# 110 vs 220 vs Avcon vs Small Paddle vs Large Paddle?



## bblocher (Jul 30, 2008)

john818 said:


> I know very little about this, so maybe someone can post some basic info or direct me somewhere that I can learn about it.
> 
> I know a little about charging from 110v or 220v outlets, but I know nothing about other options. I've seen references to public charging stations that have Avcon, small paddle, and large paddle connectors. I get the impression these connectors were primarily used on production vehicles. What are they, and are they feasible in a DIY project?
> 
> Also, are public charging stations likely to have 110v outlets available? That seems to be what the typical DIYer uses. I'm in the Los Angeles area, and I've heard that some Ralph's and Costco stores have been putting in charging stations, and many city halls, universities, and libraries around here have them. It would be nice to be able to take advantage of these opportunities.

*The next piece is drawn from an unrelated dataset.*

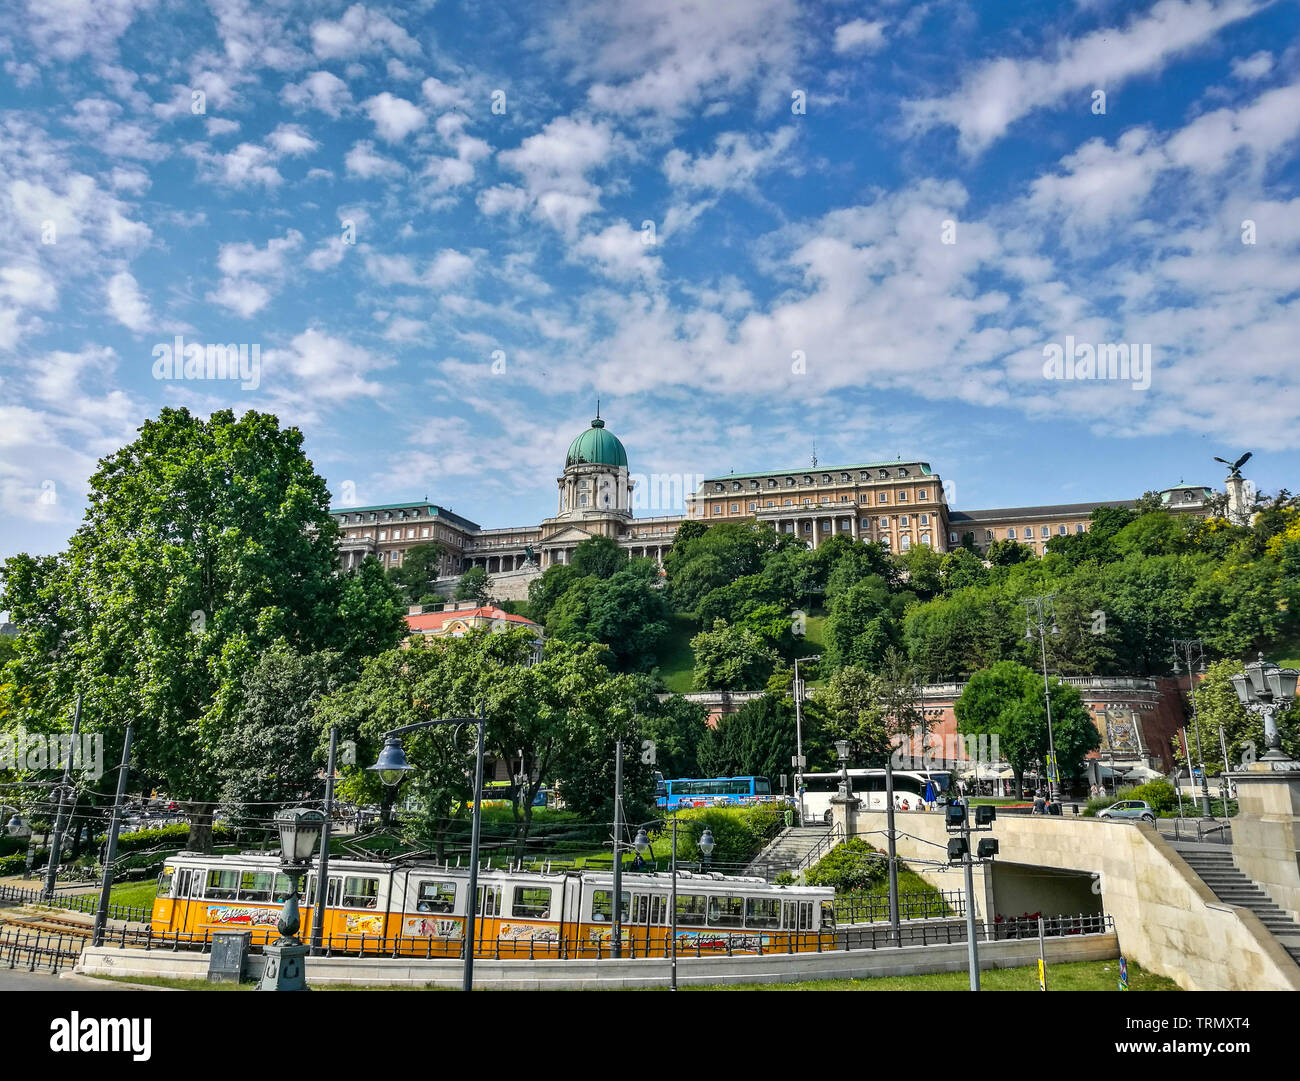 Château de Buda avec tramway jaune sur une journée ensoleillée. Budapest - Hongrie Banque D'Images

If you have these plug types near you it sounds like you're a better position than a lot of us. You might have to drive out to some of these charging stations and see if there is a universal looking plug type on all them? Maybe take some pictures too as I'm sure many would be interested in seeing what's being used.


----------



## Bottomfeeder (Jun 13, 2008)

Hello, I've been thinking about charging issues recently. My biggest desire is to take advantage of the free parking/charging at LAX. But there are many ev charging stations in LA. Find ones that are near where you drive, and be sure to submit "I was there" comments.

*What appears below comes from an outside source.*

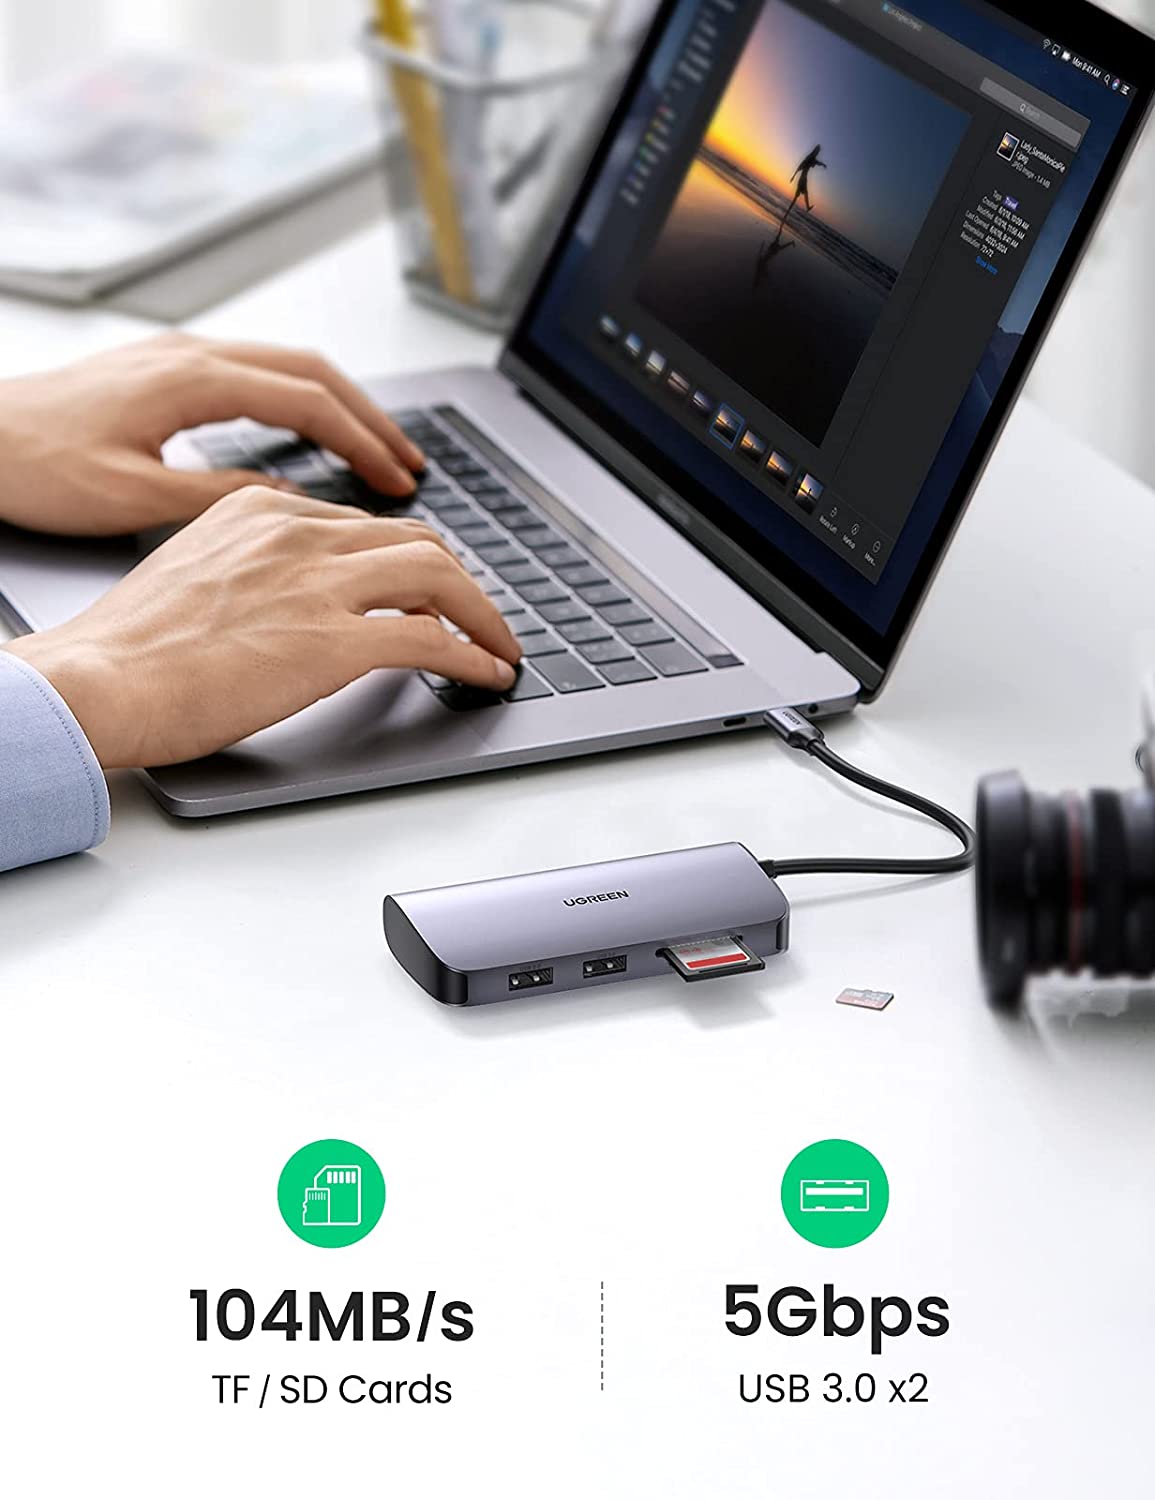 UGREEN 7-in-1 USB-C Hub, HDMI, Ethernet, SD Card

One of the parking garages near my workplace has a 110VAC outlet with a spa timer. That seems to be a simple solution. But, I don't think you can count on 110VAC outlets being at charging stations. I just got an email back from someone at LAX regarding the chargers they have there. It looks like they don't have normal 110VAC plugs. So, to charge there I'll need to either get an inductive inlet or an Avcon inlet. There might be some information on the EVDL list. From my brief searches there it seems that you can get Avcon inlets from http://www.avconev.com/ but a simple circuit might be needed to get it to work. I just sent them an email requesting more information. I haven't found anything regarding SPI or LPI although they seem very common in LA.

Keep us posted with your progress!


----------



## Bottomfeeder (Jun 13, 2008)

I added a page on the wiki, where we can compile information we find.

Opportunity Charging


----------



## john818 (Aug 1, 2008)

(EDIT: Realized I said Chatsworth Metrolink. Should've been Northridge Metrolink. I'll update the text but will leave the file name of the pic unchanged. Sorry.)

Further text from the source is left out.